The 17th season of Street Outlaws has brought a lot of new elements to the mix, and with it, a new driver. In addition to bringing back old favorites like “Kamikaze” Chris Day and Chris “Boosted GT” Hamilton, the hit television show added a fresh face with rising star Damon Merchant.
Showcasing his gorgeous 1968 Camaro, named “Rogue,” Merchant took little time racing his way onto the 405’s top 10 list. But while many fans may be seeing Merchant for the first time this season, he’s no stranger to the sport.
“We did a lot of mud drag races growing up,” Merchant recalls. “When I turned 16, I got introduced to drag racing from another local guy, and we started doing the local high school drags at Thunder Valley in Noble, Oklahoma. So I’ve been doing it off and on for the last 20 years or so. I did some index racing with the Camaro before I built it into what it is now. It was more like a 6.0 car. I wanted to do some heads-up stuff with it, and we just completely changed everything. I think the only thing I used was the roof and quarters on it. Other than that, everything is brand new on the car.”
That “brand new” car sits on an RJ Race Cars chassis, and is powered by a Jon Faubion (Faubion Motorsports) 548CI big block Chevy with a F3-121 ProCharger. His crew consists of his father (Roger) and wife (Lacy), as well as Craig Stephens, Mark Niebes, and Jared Rockhold. The car was built specifically for the street, but not necessarily to get on TV. As least not right away.
“Once I built the car, I took it out, tested it, and started kicking the bushes, trying to get a few big tire guys to race me, and they wouldn’t do it illegally,” says Merchant. “I started jumping into as many no preps as I could, just to get seat time, get the car dialed in. My second no prep was the Dirty South No Prep series in Odessa, Texas. We ended up taking out Birdman in the second round, and made it all the way to the finals. After that, we started getting a lot of phone calls to come to a lot of different no preps.”
Things continued to get better for Merchant, scoring victories at Street Car Takeover in Noble, Oklahoma; the Flashlight Shootout at Amarillo Dragway; and The Park After Dark flashlight start race in Wichita Falls, Texas – flagged by the legendary Chris “Limpy” Collins. Merchant’s streak of success did not go unnoticed.

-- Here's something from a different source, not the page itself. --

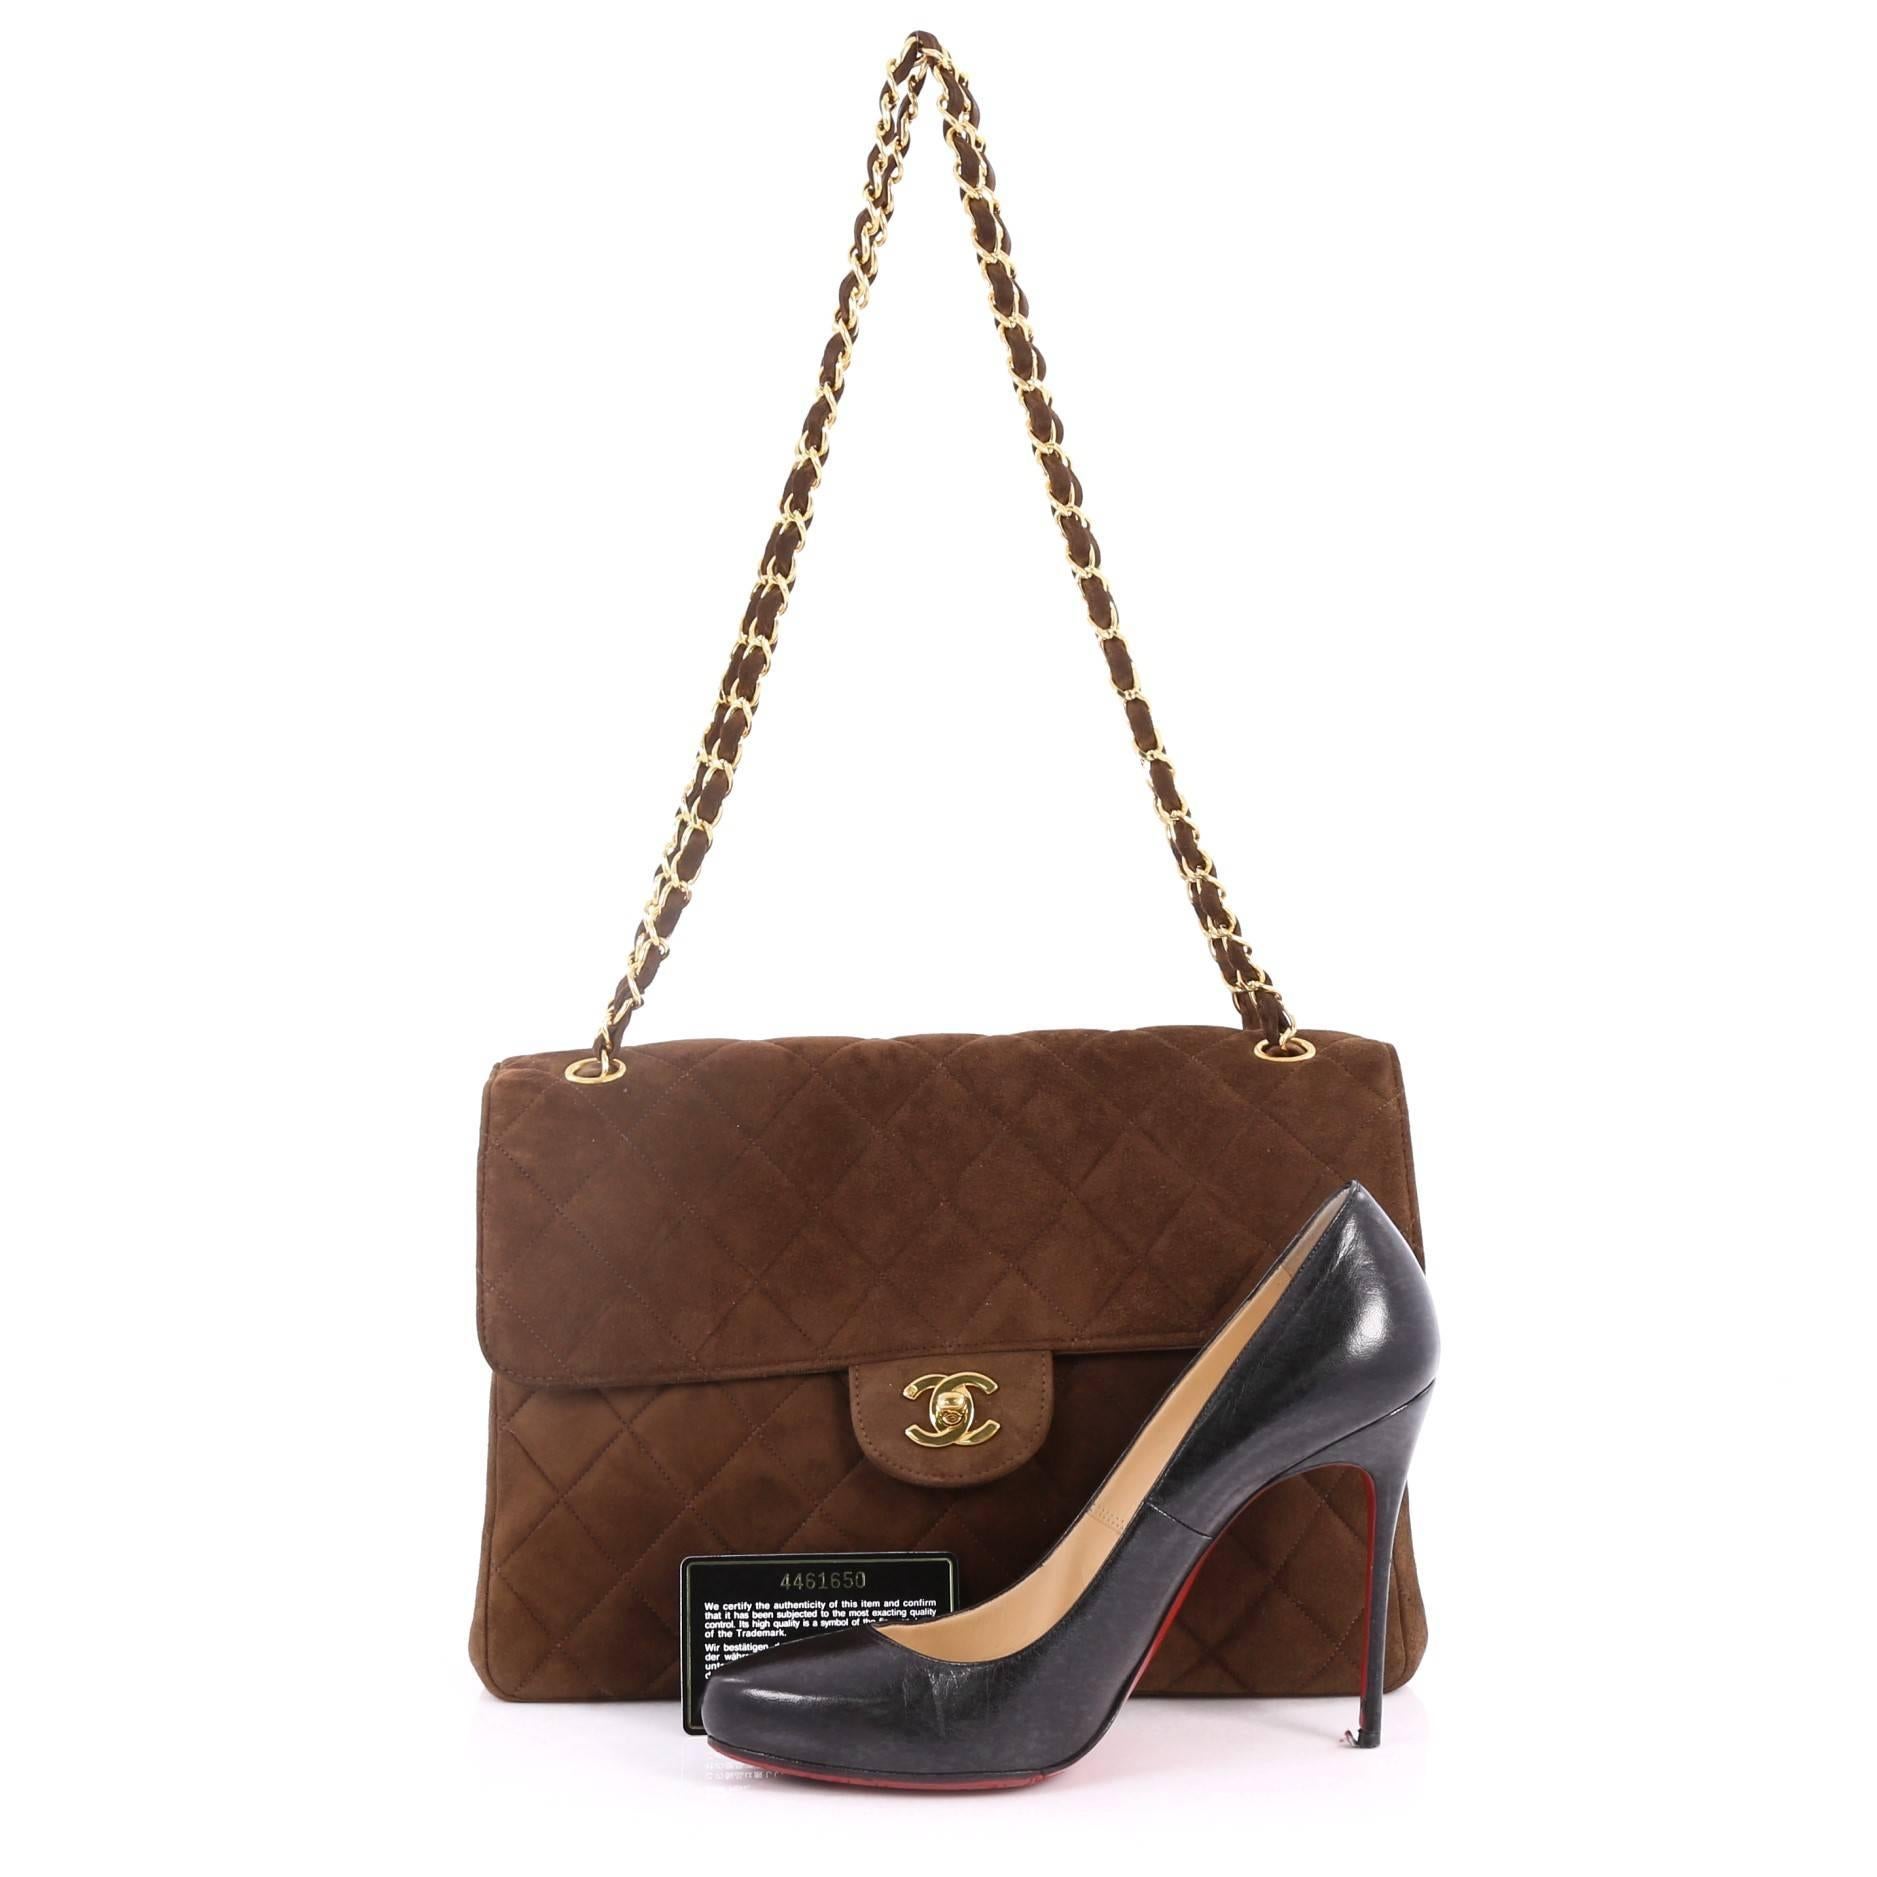 This authentic Chanel Vintage Double Sided Flap Bag Quilted Suede Jumbo showcases an effortlessly elegant style with a unique twist. Crafted in brown diamond quilted suede, this timeless shoulder bag features woven-in leather chain strap, a frontal

“Once we started making a scene at some of the no preps, we got a call from Big Chief,” Merchant says. “I never sought out the list. I wanted to race a few people on it, but I didn’t want to be that guy knocking on the door all the time. I’m not that kind of person. They called me, and gave us a shot.”

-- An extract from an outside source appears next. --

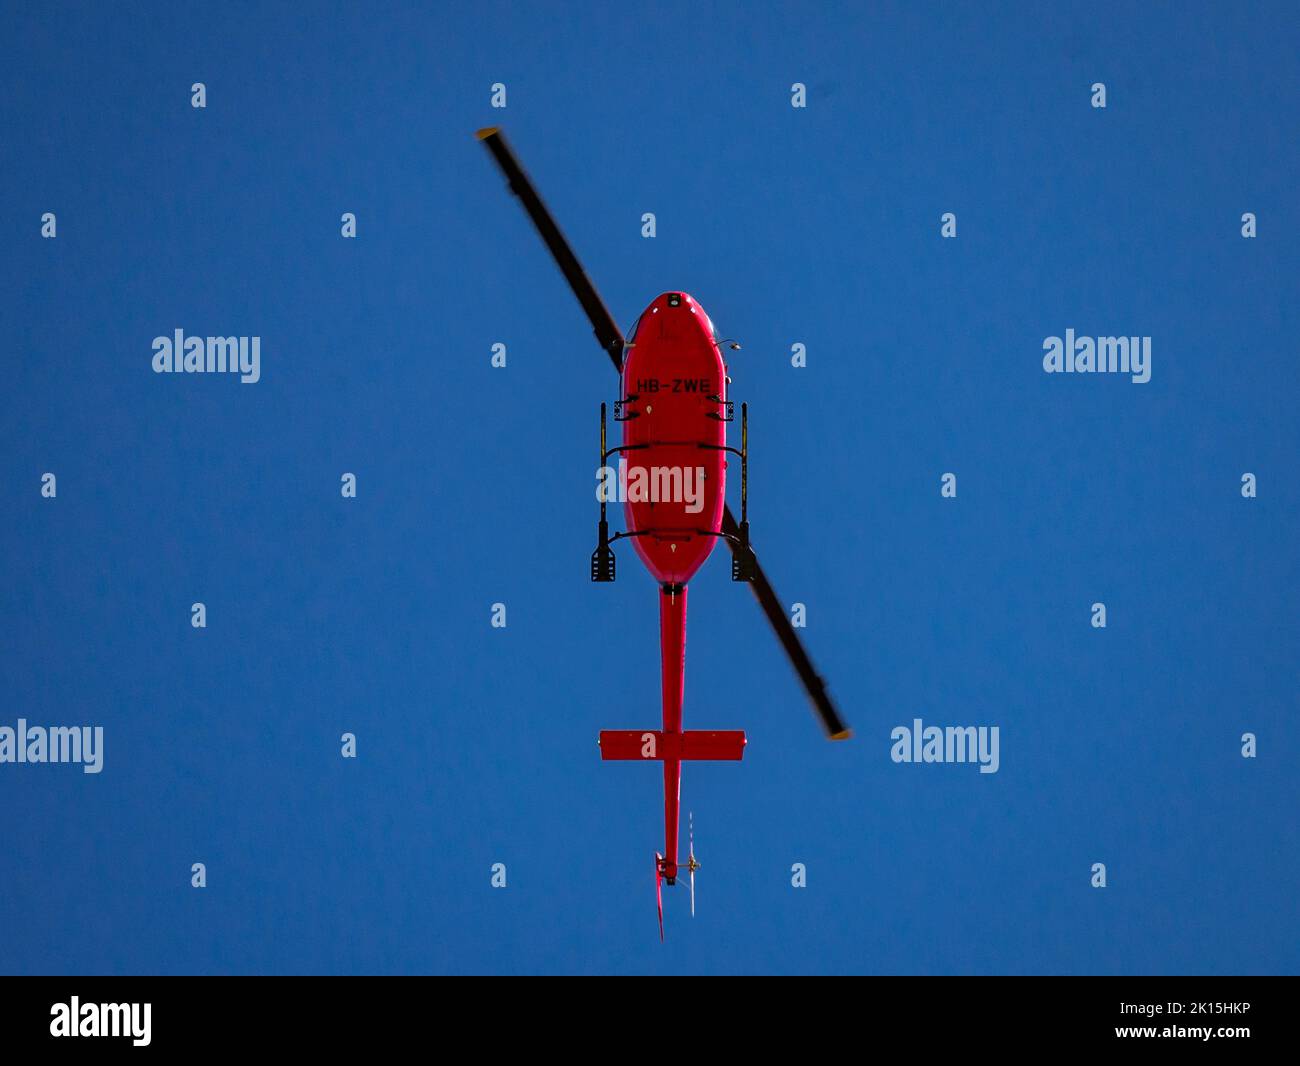 Red helicopter flying into action. Stock Photo

That shot turned out to be a race against Kamikaze and the infamous Elco. Merchant won his spot on the list, although the race itself was overshadowed by Kamikaze’s horrific crash. Since then, Merchant has been a fixture on the show. Where fans may have noticed him missing, however, is the 64-car Mega Cash Days event. It was neither an oversight, nor a matter of the car not being ready; it was planned.

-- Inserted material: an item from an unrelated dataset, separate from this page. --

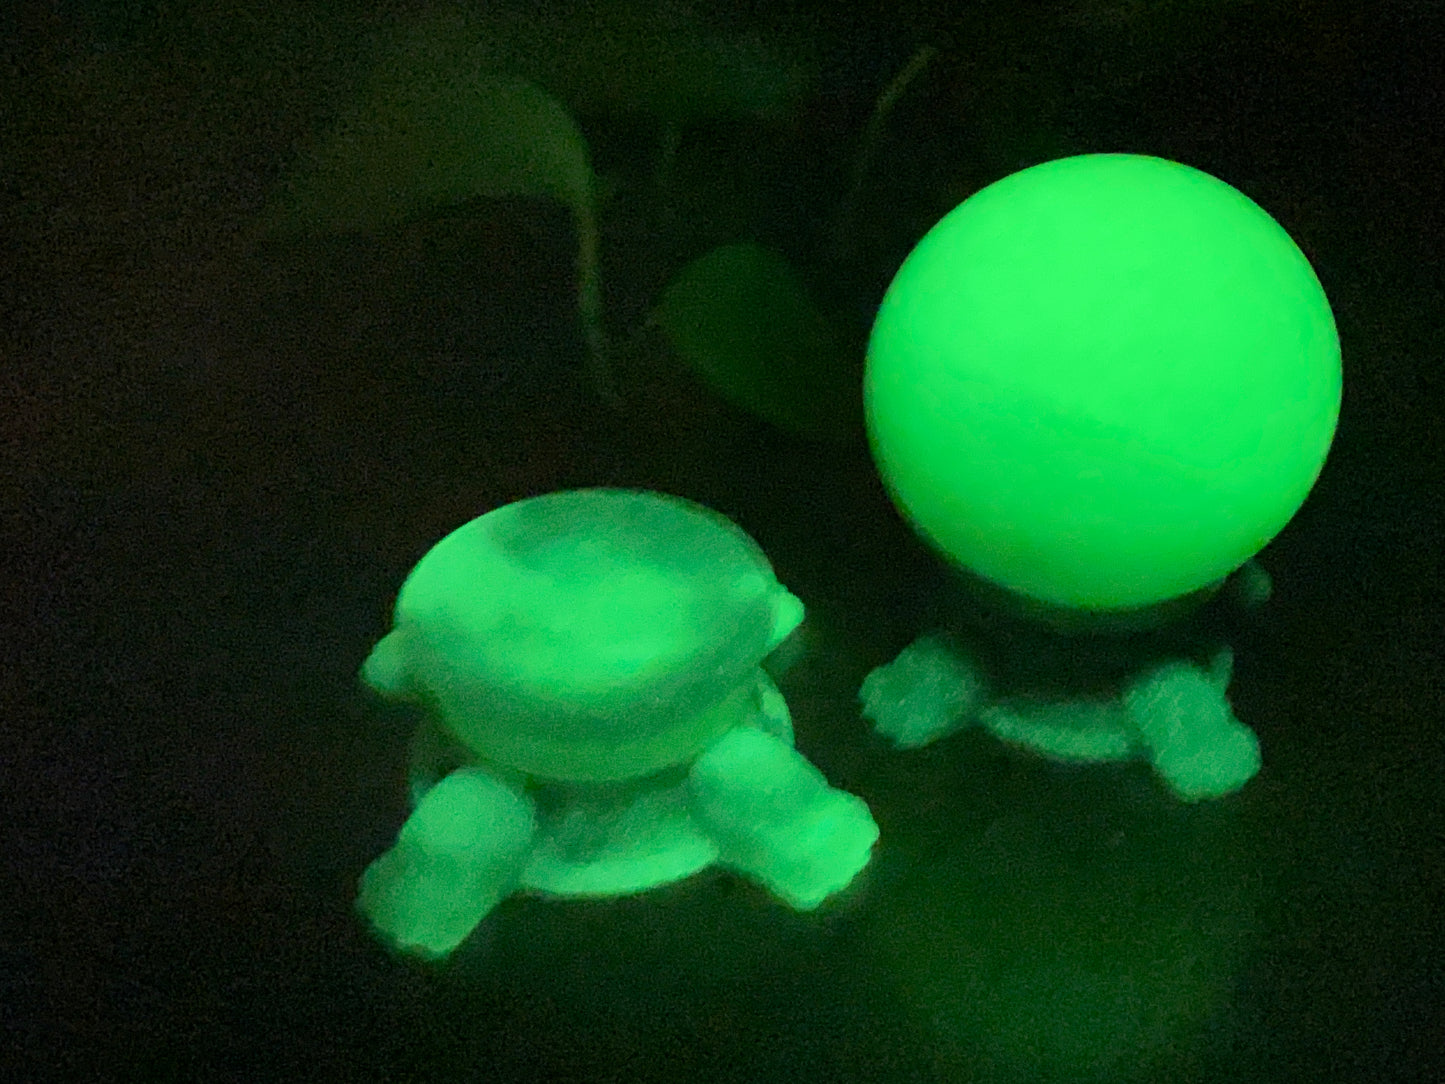 a glowing green toy next to a glowing green ball

“The powers to be didn’t want us up there, because they were trying to debut us on the original 405 show,” Merchant says. “They didn’t want to show our car, or me, at Mega Cash Days, because they knew it was gonna air together.”
Midway through the season, however, the 405 show took a sharp turn. Gone was the list everyone had fought for years to be on. In its place would be a new top 20 “America’s List,” featuring top street racers from around the country. Merchant would once again be fighting to make the cut, this time on the same roads used for Mega Cash Days.
“I got a two-day notice to get to Nebraska,” says Merchant. “I thought I’d probably go up there and race Boosted or Shawn [Murder Nova], because we heard we were going to finish filming up there. As soon as they announced they were doing away with the list and only gonna take the top five cars, I was pretty excited. The way the car ran previously against Kamikaze, I felt like I legitimately had a top car. But once we got to running, I figured out real quick my car wasn’t set up real well for the road they were on. They had all been up there for a month testing. But I’m not one to make excuses. It was hard for me to get up there and race [Daddy] Dave right off the trailer, but it is what it is.”
Despite those struggles, and uncertainty in regards to which direction the show will go from here, Merchant says he will ready for any challenge they present. And he’s not content with just being there. As the “new blood” on the show, he plans to shake things up among a group of drivers that have been together for a long time.
“I feel like I bring a sense of urgency to those who have been a part of this list for so long, and have become complacent,” Merchant says. “There’s very few big tire cars that try to get on there and run with them anymore, because of how fast those guys really are. I think I bring in a fear that I can come in there and take somebody’s job. I really like this group of guys, but I’m here to be a top contender and have a number one car. Period.”
With filming about to start up once again, and a car built for the street, Merchant isn’t ruling out more no preps for 2021 as well.
“I’m looking forward to getting in as many as we can,” says Merchant. “I like doing the local and regional stuff here. I know we’ll make Armageddon – that’s in our back yard. I would like to do some of the No Prep Kings stuff if we can get the car to moving a little bit better.”